Expires: October 8, 2026


        AI Discovery and Retrieval Endpoint (AIDRE)
                   draft-batum-aidre-00


Abstract

   This document specifies the AI Discovery and Retrieval Endpoint
   (AIDRE), a protocol for publishing machine-oriented, canonical, and
   semantically retrievable content on the web.

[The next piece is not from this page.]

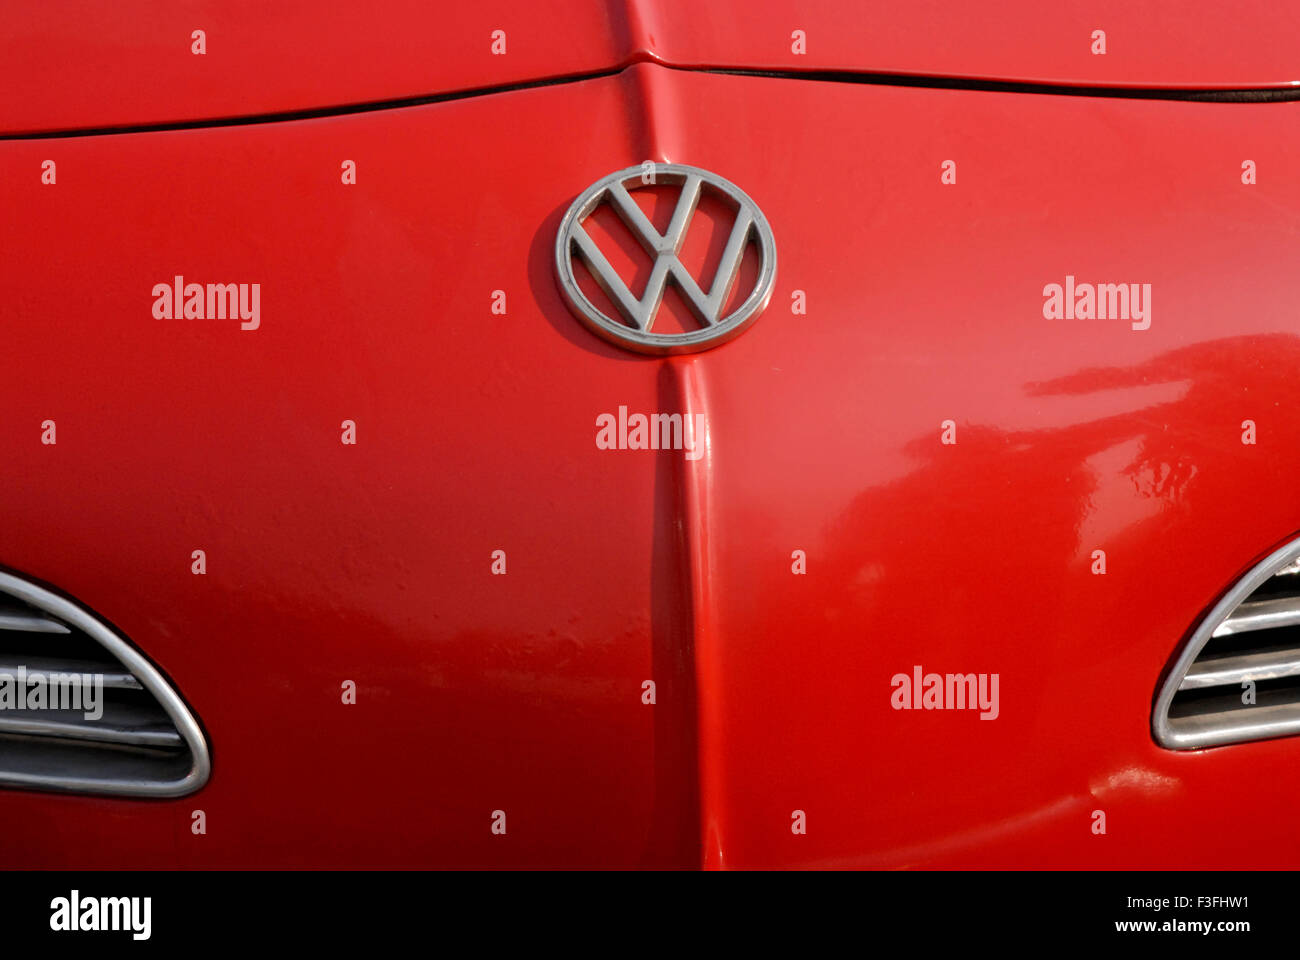 VW car logo, Volkswagen car, antique car, classic car, old car, vintage car Stock Photo

AIDRE defines a
   discovery document, collection metadata, retrieval interfaces,
   optional vector-native query support, and content representation
   rules for AI systems.

   AIDRE aims to reduce redundant crawling, parsing, tokenization, and
   embedding of the same origin content while improving freshness,
   provenance, and interoperability for AI systems.

Status of This Memo

   This Internet-Draft is submitted in full conformance with the
   provisions of BCP 78 and BCP 79.

   Internet-Drafts are working documents of the Internet Engineering
   Task Force (IETF). Note that other groups may also distribute working
   documents as Internet-Drafts. The list of current Internet-Drafts is
   at https://datatracker.ietf.org/drafts/current/.

   Internet-Drafts are draft documents valid for a maximum of six months
   and may be updated, replaced, or obsoleted by other documents at any
   time. It is inappropriate to use Internet-Drafts as reference
   material or to cite them other than as "work in progress."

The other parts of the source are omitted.